De 19de eeuw herijkt haar immobiel patrimonium op de blik. Blik van de toerist. Een blik die natuurlijk niet door de toerist wordt bedacht, maar door de lokale cultuur. Welke stad zouden wij willen zien indien we hier op bezoek kwamen? Welke geschiedenis zouden wij willen schrijven indien we ze konden herschrijven? Historisering en toerisme zijn vanaf een bepaald ogenblik perfect op één lijn komen te liggen.

 

 

Noten

[1] Marco Poli, In Nome del Progresso, 1902-1904. L’abbattimento delle mura di Bologna, Bologna, Costa Editore, 2002.

[2] Zie haar artikel in dit nummer.

[3] In het Archivio dell’ Archiginnasio te Bologna.

[4] In de collectie van de Cassa di Risparmio di Bologna.

[5] In het Koninklijk Archief te Brussel.

[6] In de Stedelijke Musea van Kortrijk.

[7] In het FotoMuseum, Antwerpen.

[8] De workshop Rephotography van Mark Klett aansluitend bij het symposium reactiveert dat ooit door de fotograaf afgelegde traject. Het zoeken naar de preciest mogelijke reconstructie van het standpunt dat de fotograaf voor het eerdere beeld innam thematiseert de ruimtelijkheid van het fotograferen.

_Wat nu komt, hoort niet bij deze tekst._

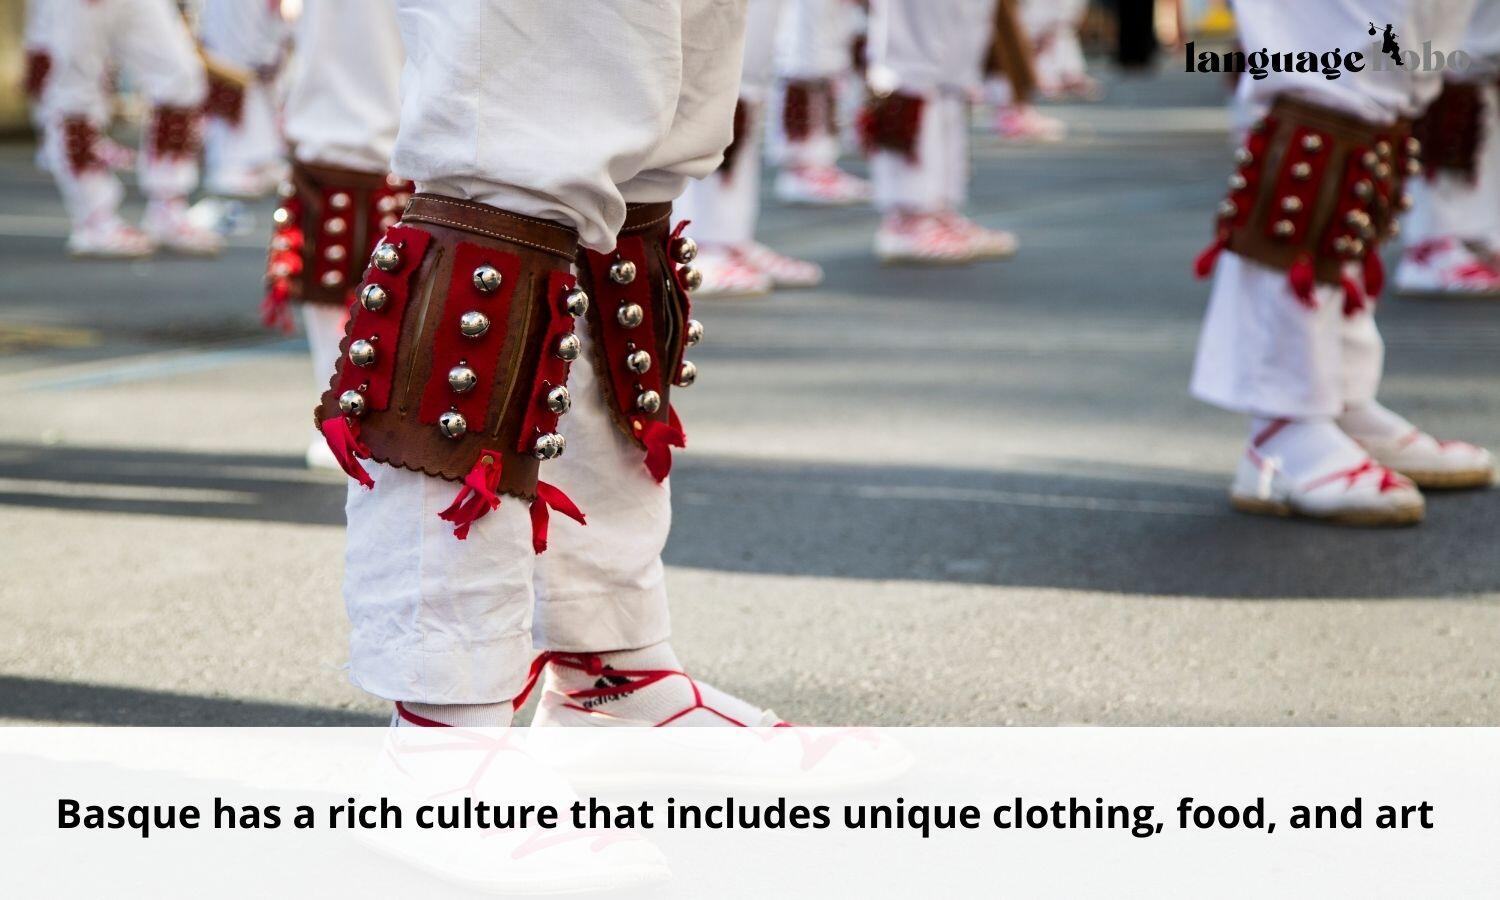 Basque has a rich culture

[9] Het is het acme van avonturenverhalen, hoogtepunt van avonturenfilms, denk aan de recentste versie daarvan in Lord of the Rings.

[10] Zie Dirk Lauwaert, Stadsfotografie in het negentiende-eeuwse Brugge. Deel I: Tussen toerisme en restauratie, in: De Witte Raaf nr. 104, juli-augustus 2003, pp. 15-20; idem, Stadsfotografie in het negentiende-eeuwse Brugge. Deel II: De mentaliteit van de beelden, in: De Witte Raaf nr. 105, september-oktober 2003, pp. 19-24.

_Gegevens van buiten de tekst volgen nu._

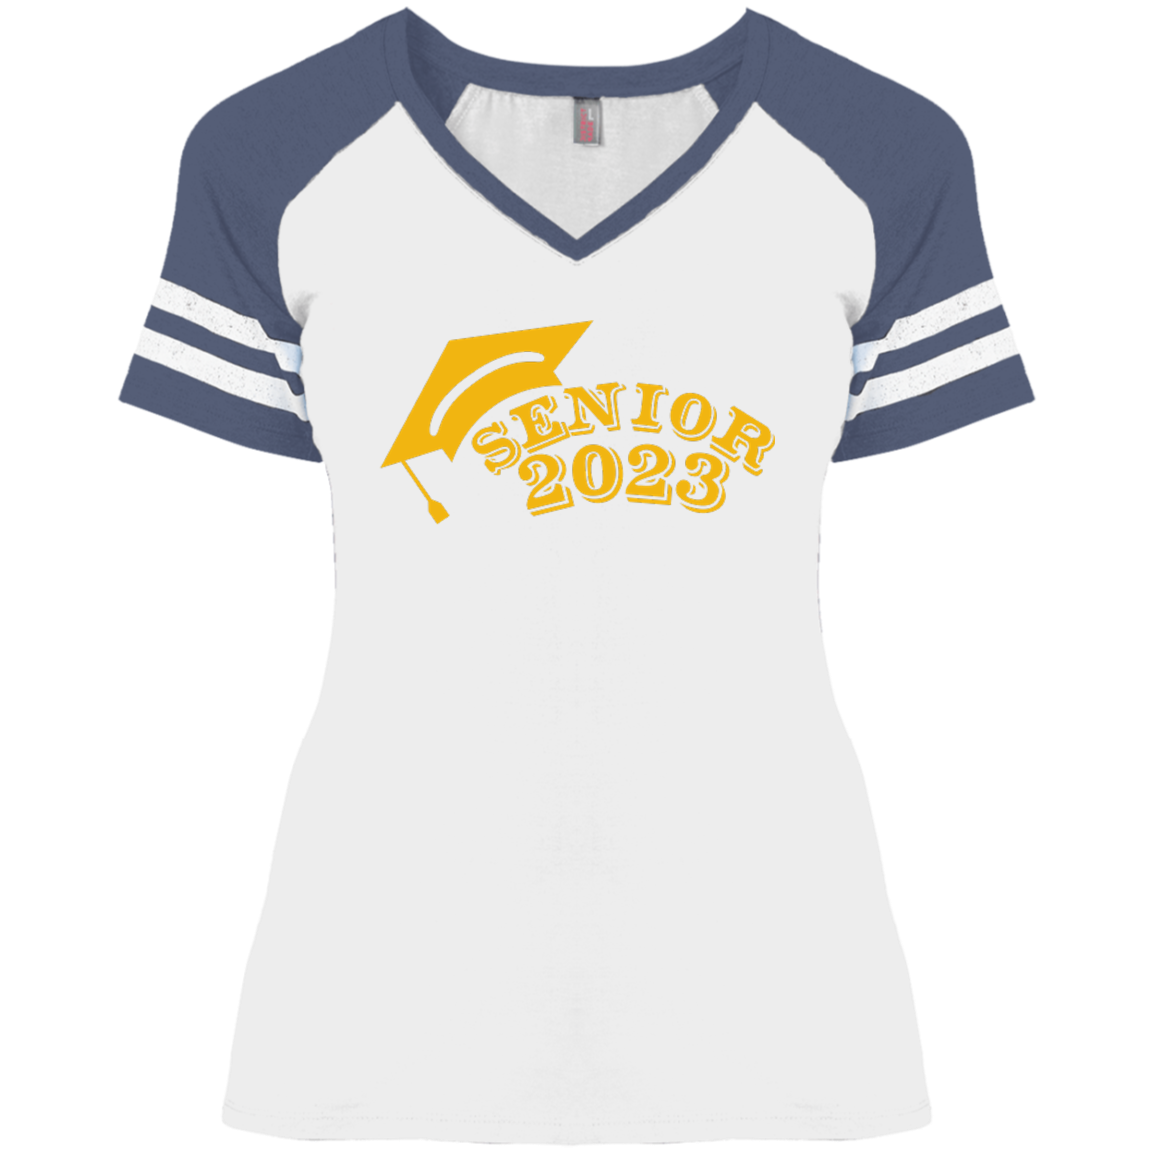 2023 Gold Ladies' Game V-Neck T-Shirt

[11] In zijn Les futurs boulevards de Bruges van 1897 schrijft Duclos: “Il faut se placer sur le Cingel pour se rendre compte de l’attrait de ce terrain” (p. 10). Het voorzetsel “sur” is hier cruciaal.

 

 

Deze tekst werd geschreven binnen het kader van het onderzoeksproject 19de-eeuwse stadsfotografie gesteund door de Hogeschool Sint-Lukas, Brussel. Aan de redactie van de tekst ging het internationaal symposium 19th Century topographic photography of Maastricht in an European perspective vooraf, gehouden op 4 en 5 juni 2004 in de Jan Van Eyck Academie (Maastricht). Met dank aan de sprekers Ingrid Evers (historica, Maastricht), Toon Jenniskens (stadscultuurhistoricus, Maastricht), Carlo Cesari (Directeur van het Europees Centrum voor Conservering van het architecturaal Patrimonium, San Servolo, Venetië) en Mark Klett (fotograaf, Universiteit van Tempe, Arizona).